OLPH raised $175,000 for the project, which includes a $65,000 grant from the Marion I. and Henry J. Knott Foundation, according to the school.
Trinity School student honored for aid to military service members
Mitchell Adkins, a third-grader at Trinity School, was invited to visit the White House last month because of his dedicated and selfless service toward military members, the Ellicott City school announced.
Mitchell was selected to be part of the delegation representing Blue Star Families, an organization formed by a group of military spouses to raise the awareness about the challenges of military family life with civilian communities and leaders, according to the nonprofit’s website.
“As a military child who has lived in Arizona, Hawaii, Germany and now Maryland, Mitchell has learned to be involved in his community,” Mitchell’s mother, Tracy Adkins, said in a statement.
Mitchell volunteered to help paint the Fort Meade USO when it was relocated and in need of refurbishing, according to the school. Noticing the lack of available food for hungry service members/veterans in the food pantry, he began the “Care If You Can” canned food drive. He collected canned food to stock the shelves.
He is also a frequent guest reader for Books On Bases, a reading initiative for military children, sponsored by the Blue Star Families, according to the school.
“Mitchell is hardworking, confident and is always looking for ways to help out,” Becky Moran, Mitchell’s teacher at Trinity, said in a statement.
At the White House, Mitchell saw President Barack Obama and was greeted by First Lady Michelle Obama, who was accompanied by first dog, Bo.
NDP alumna receives athletic honor
In October, Hannah Hartman, a 2012 graduate of Notre Dame Preparatory School in Towson and sophomore lacrosse player at the University of Notre Dame in South Bend, Ind., earned the honor of 2012-13 Big East All-Academic Team.
Loyola University Maryland’s student-run radio station wins national awards
Community programs produced by WLOY, Loyola University Maryland’s student-run radio station, received seven awards Nov. 2 at the 2013 National Student Electronic Media Convention in San Antonio, Texas.
“What Happens Next?”, a children’s program designed to improve imagination, literacy, writing and communication in elementary school students, won the national ‘Best Feature – Radio’ award, according to the Baltimore university.
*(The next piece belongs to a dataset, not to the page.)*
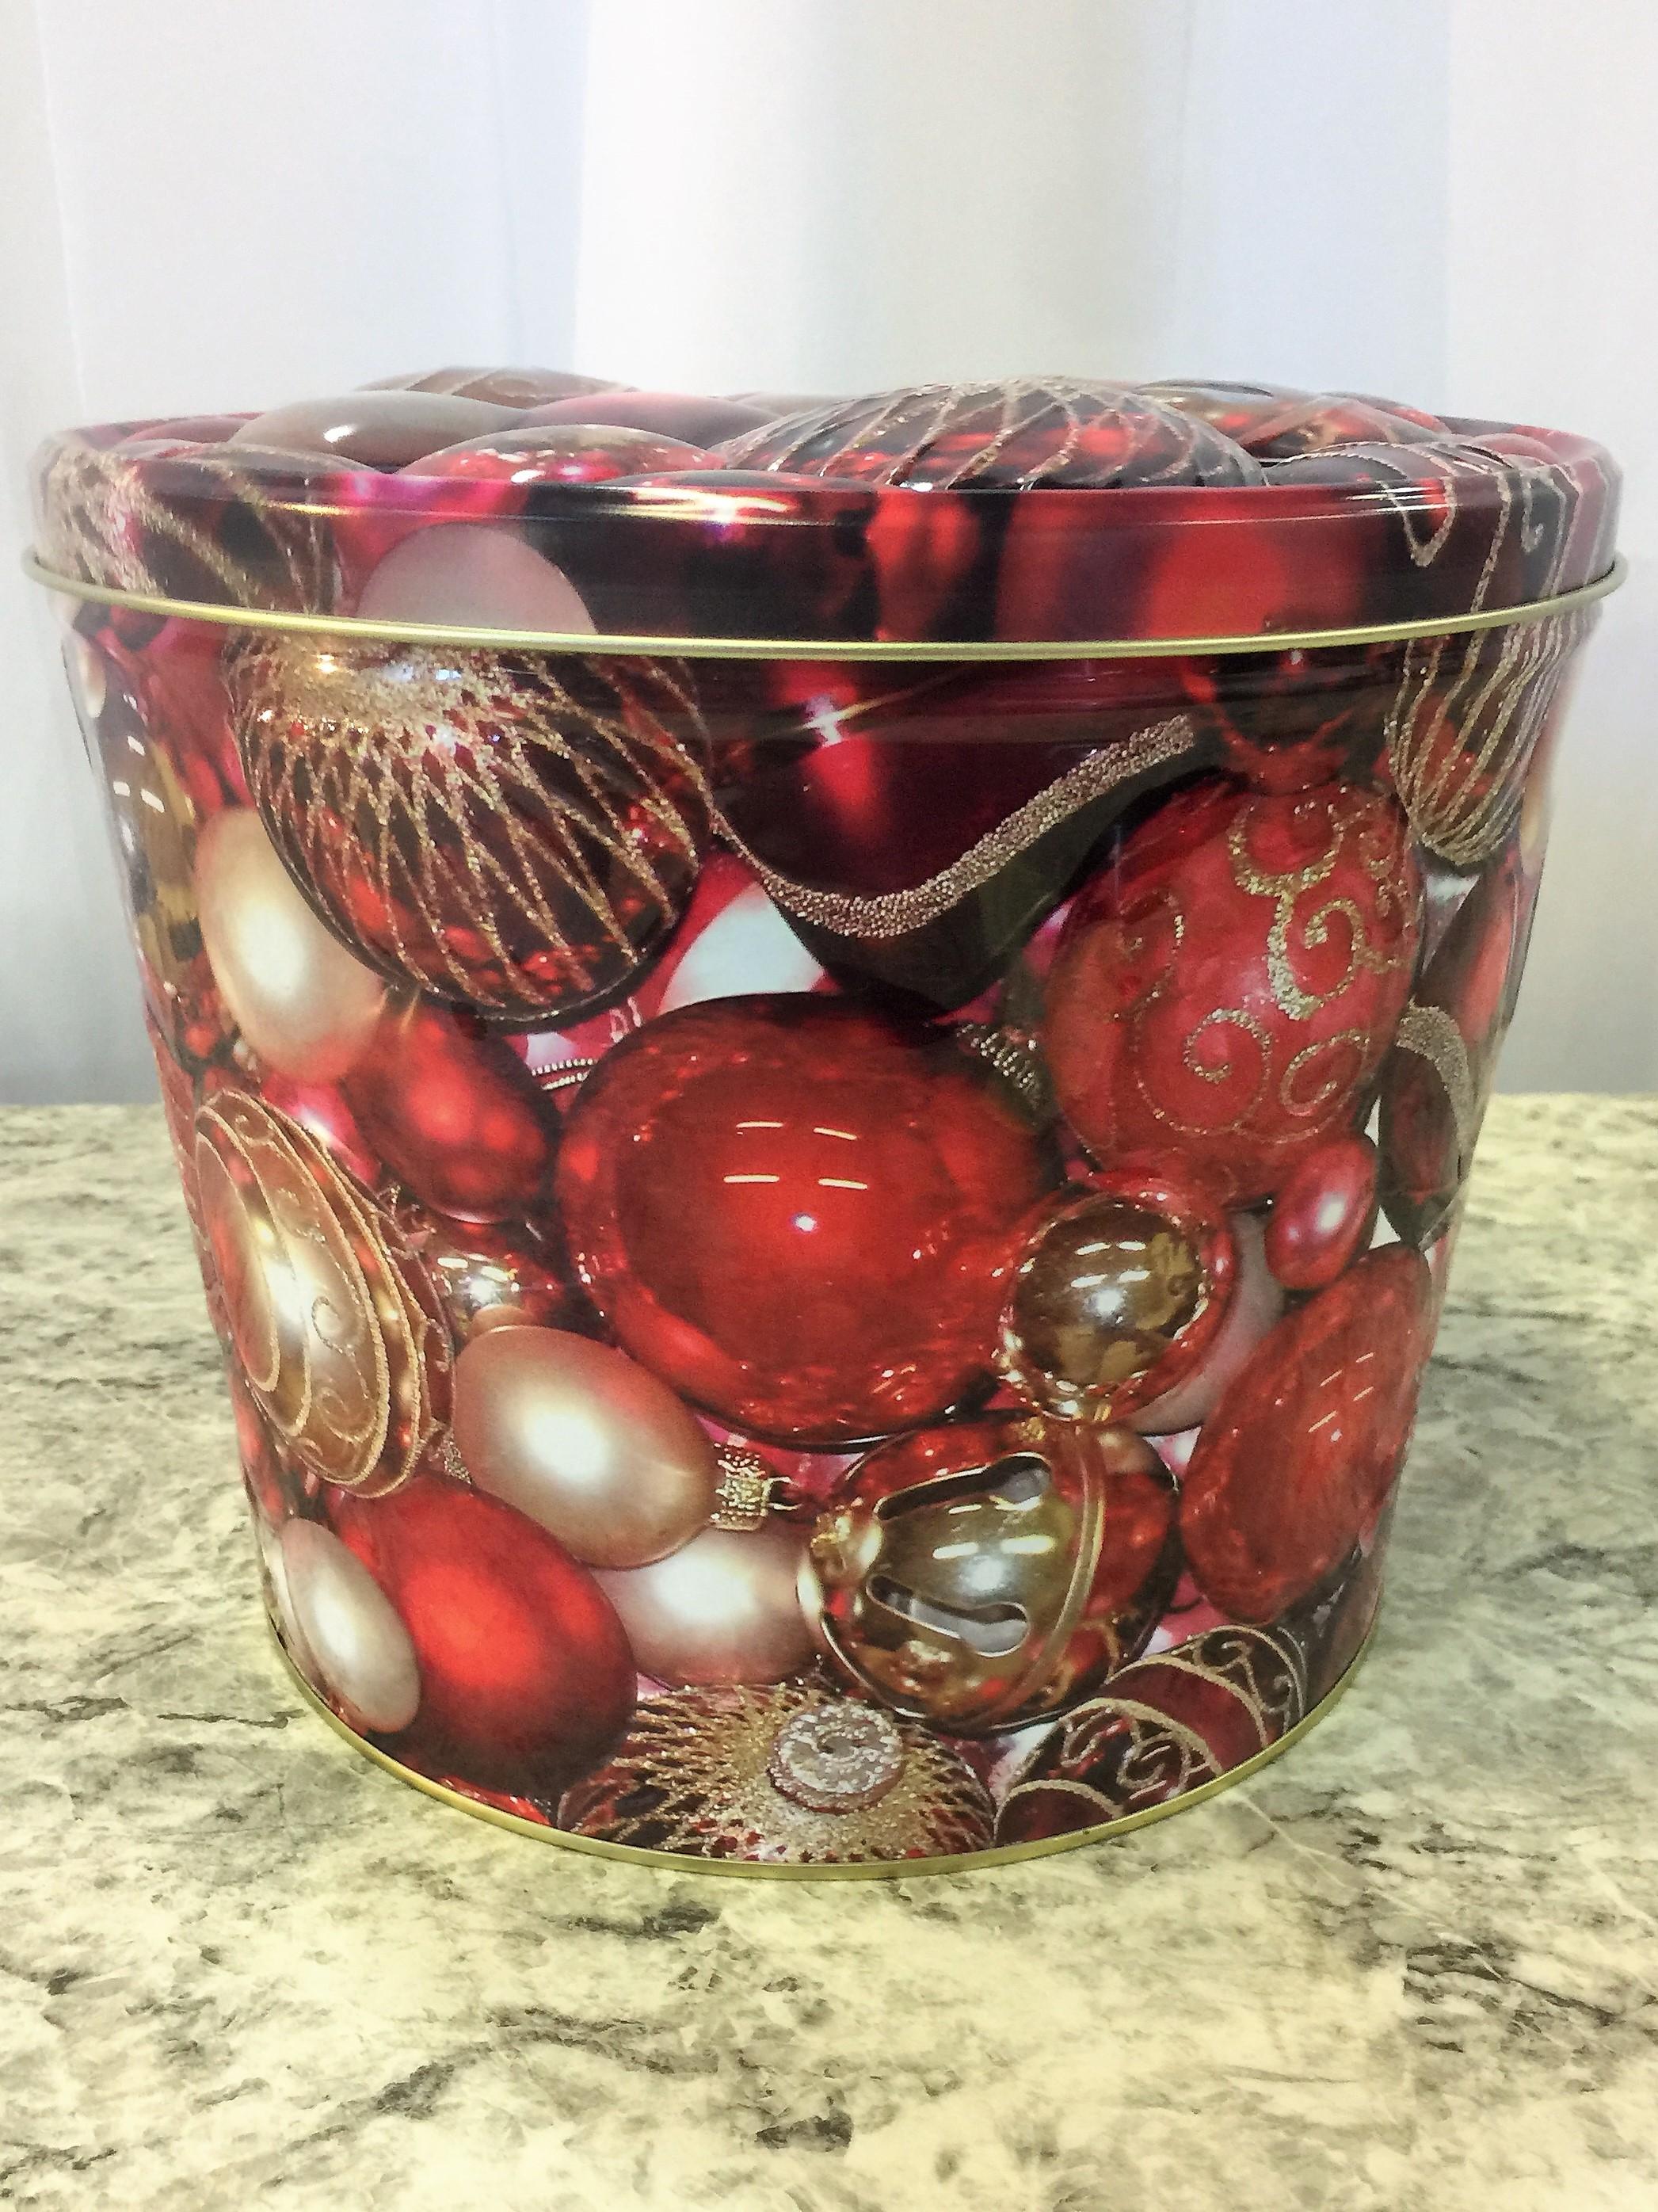 2 Gal Holiday Ornaments Popcorn Tin

It was also a finalist in the ‘Best Regularly Scheduled Program – Radio’ category.
WLOY’s innovative Word on the Street was the national winner for ‘Best Community Involvement,’ according to the university. Word is a nonprofit newspaper in Baltimore operated by a coalition of volunteers and people who have experienced homelessness.
According to John Devecka, WLOY’s operations manager, the awards serve a dual purpose: recognition and awareness.
“We certainly like the trophies, but our work is for the community, not the recognition,” Devecka said in a statement. “The awards are sometimes what is needed to get people to understand how important the programs are and the impact that Loyola students can have on the community around them. Even though we draw from all over the country, students at WLOY really embrace and love Baltimore. I’m very proud of what they constantly give back and how they seek ways to help others.”
WLOY also received two additional finalist awards for “Both Feet In,” a program that features conversations with people experiencing homelessness, according to the university. The show launched in 2010 and has already won eight national awards.
According to Devecka, “Both Feet In” reduces the stigma and stereotypes associated with homelessness by making invisible people visible and telling their stories.
Since beginning full-time operations in March 2003, WLOY has received local and national awards for its exceptional programming, according to Loyola. The station won a Best of Baltimore award in 2006 for ‘Best Local Music Radio Show’ and has won trophies from the Associated Collegiate Press and National Student Electronic Media Convention host College Broadcasters, Inc.
The station is run by 18 Loyola students who oversee more than 60 DJs.